Article summary by TokenPost.ai

🔎 Market interpretation - Bitcoin has rebounded about +13% since early April, but overall market euphoria signals are weak, interpreted as a ‘lack of trust’ phase in the rise - Despite a short-term rebound, most participants agree that there may be ‘another leg lower before October’ - From a group psychology perspective, bottoms tend to form when ‘everyone is convinced it will get worse,’ not when ‘everyone is sure it has bottomed,’ so prematurely assuming the bottom carries risks 💡 Strategy points - Watch price levels: if ‘definitively breaking’ $86,000, the scenario of a trend reversal with a bottom formation will be strongly supported - Scenario branches: (1) sustained rebound (trend strengthening) vs (2) reformation of an investable low in September-October, handling both possibilities concurrently is more advantageous - Checklist: Is optimistic sentiment spreading (psychological), on-chain/position changes, if the main resistance level ($86,000) fails to break, volatility may increase - Risk management: in a ‘skeptical rebound,’ it is more suitable to adopt a phased entry strategy with pre-set stop-loss/failure zones rather than chasing the rally 📘 Terminology explanations - euphoria: a state of overheated expectations and surging optimism at the end of a bull market - consensus: the outlook held by the majority of market participants (shared expectation) - another leg lower: continuation of the downtrend, testing lows again with additional decline - investable low: a low point in the price range where subsequent rebounds are relatively more likely, suitable for investment consideration - on-chain: analysis based on blockchain transaction/holding data (wallet movements, trading volume, etc.) 💡 FAQs (FAQ)

Q. What does the phrase ‘another leg lower before October’ specifically mean?
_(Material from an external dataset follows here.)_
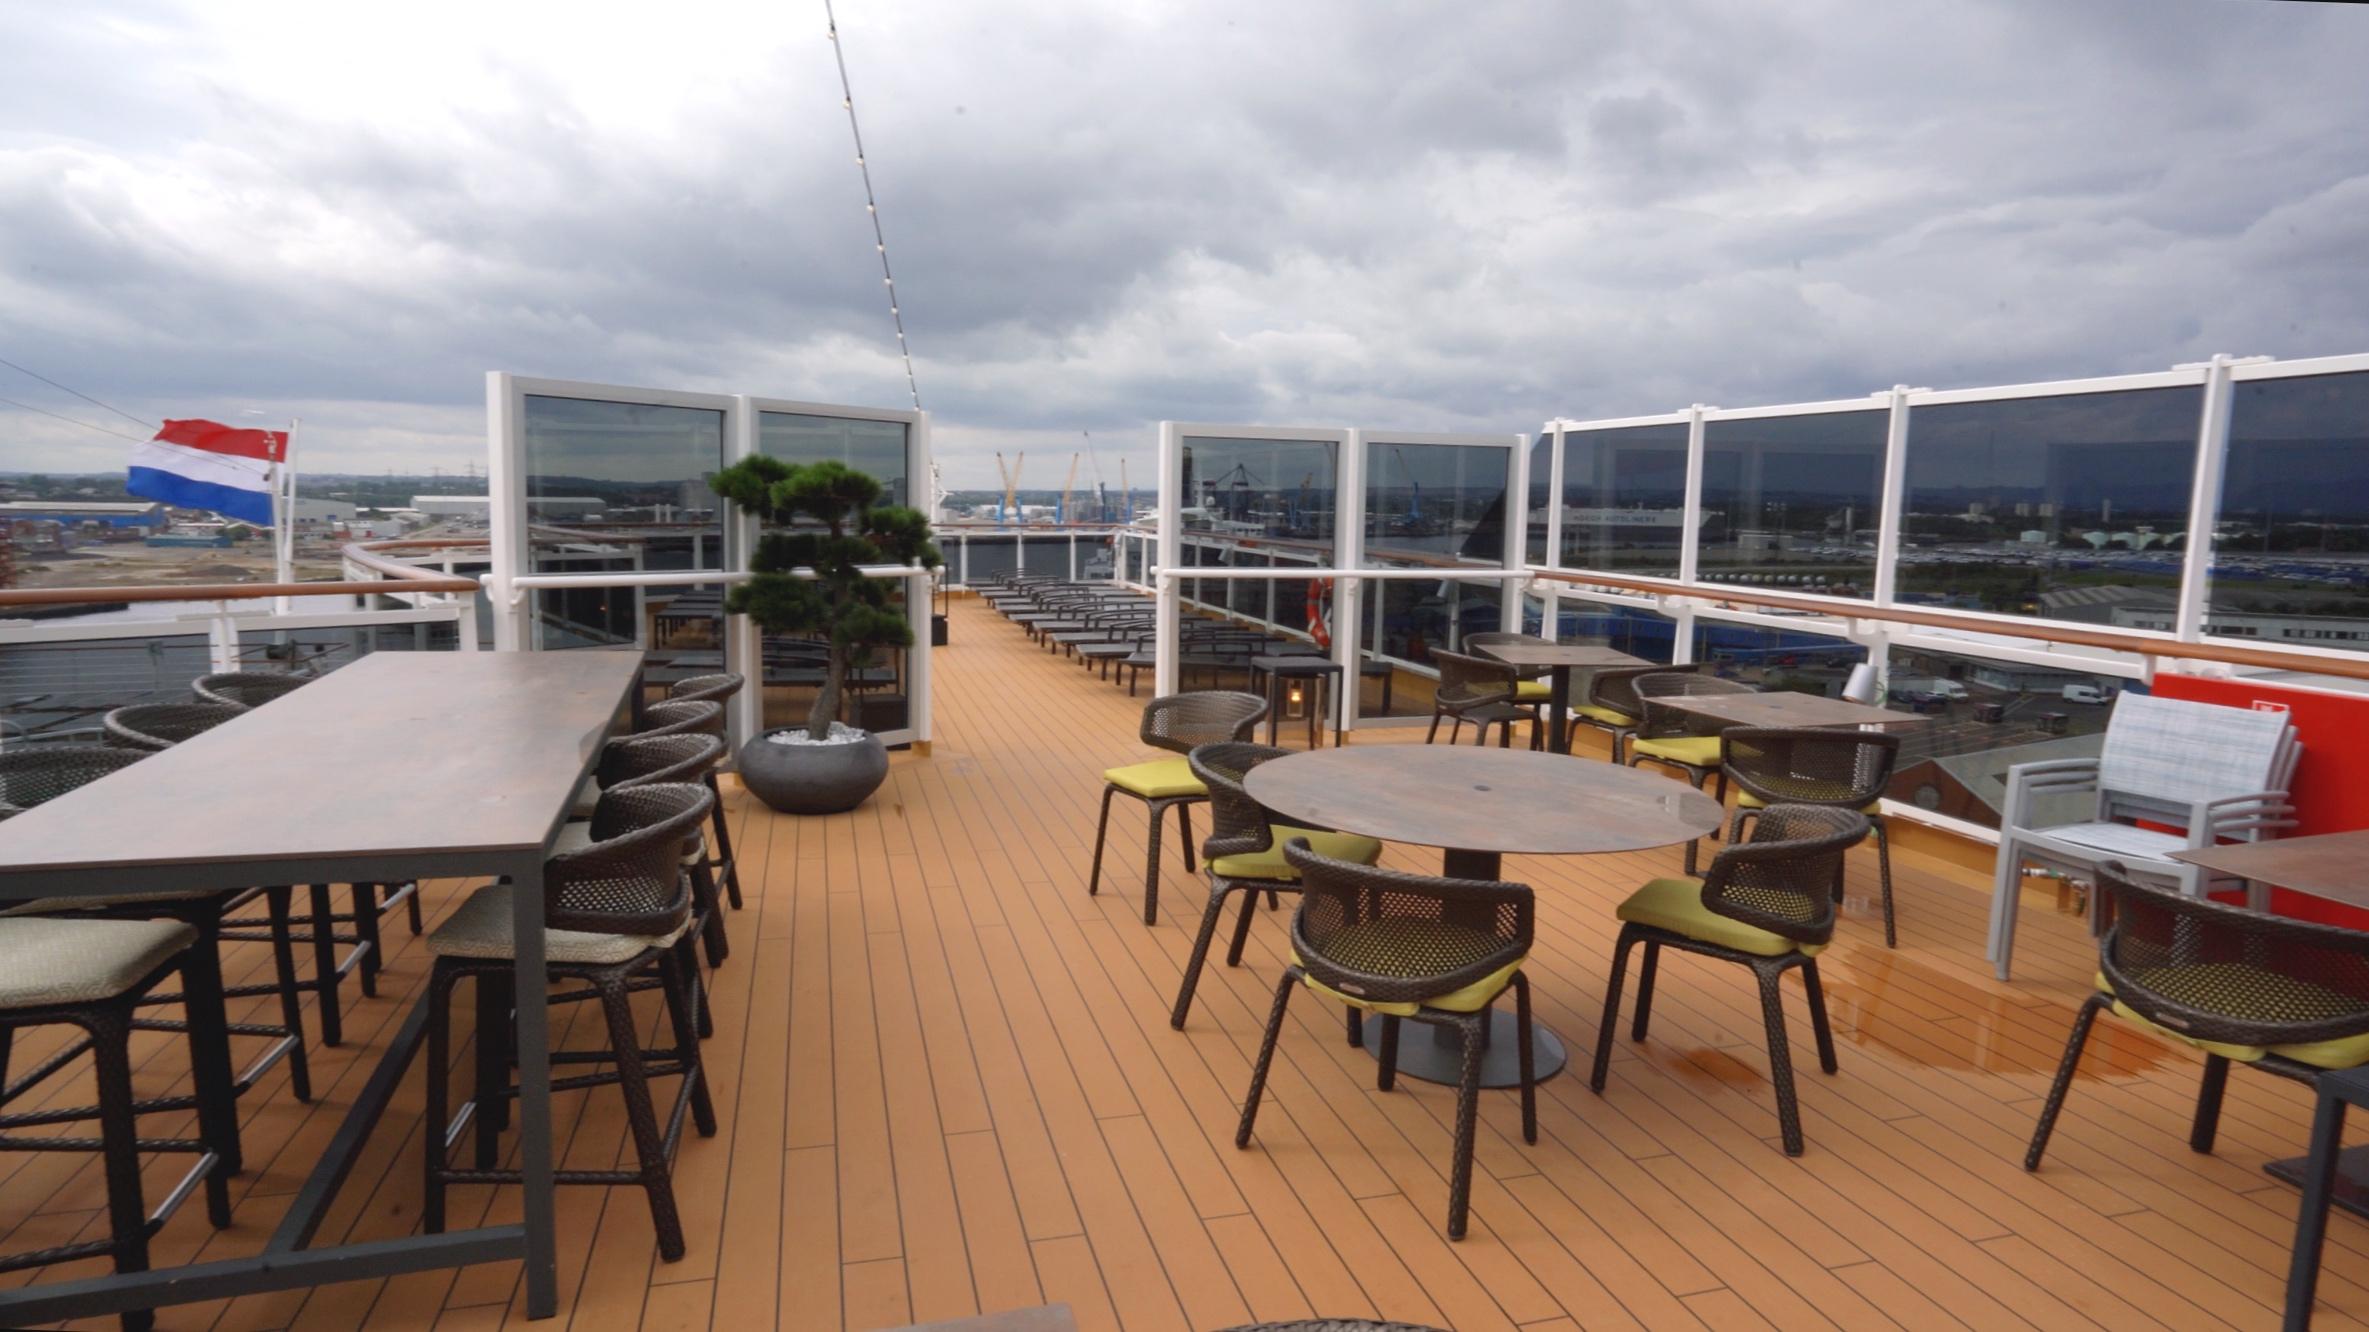 Tamarind outdoor seating area

It means that even if a short-term rebound occurs, the trend suggests that prices may fall sharply again and retest lows. The article explains that some analysts see September to October as a ‘potential further decline zone’ or ‘a range where an investable low may form.’ Q. Why might prices rise while market sentiment remains not optimistic (not euphoric)? If the market is still influenced by past crashes, distrust the trend, or holds the bias that ‘this rebound is temporary,’ then even with rising prices, sentiment may not catch up. This situation can be viewed as a ‘skeptical rebound,’ with increased volatility due to delayed trend confirmation. Q. Should beginners follow the ‘bottom already in’ view or the ‘still will fall’ view? Instead of betting on one side, it is more prudent to respond based on ‘confirmation signals.’ For example, Van der Poppe believes that if the price clearly breaks above $86,000, the likelihood of a bottom increases; if the breakout fails, there is room for another correction. In other words, it is best to combine specific breakout/breakdown levels, psychological indicators, on-chain data changes, and respond to different scenarios accordingly.

TP AI notes: The language model based on TokenPost.ai has summarized the article. Important details or facts may be omitted or may differ from the original.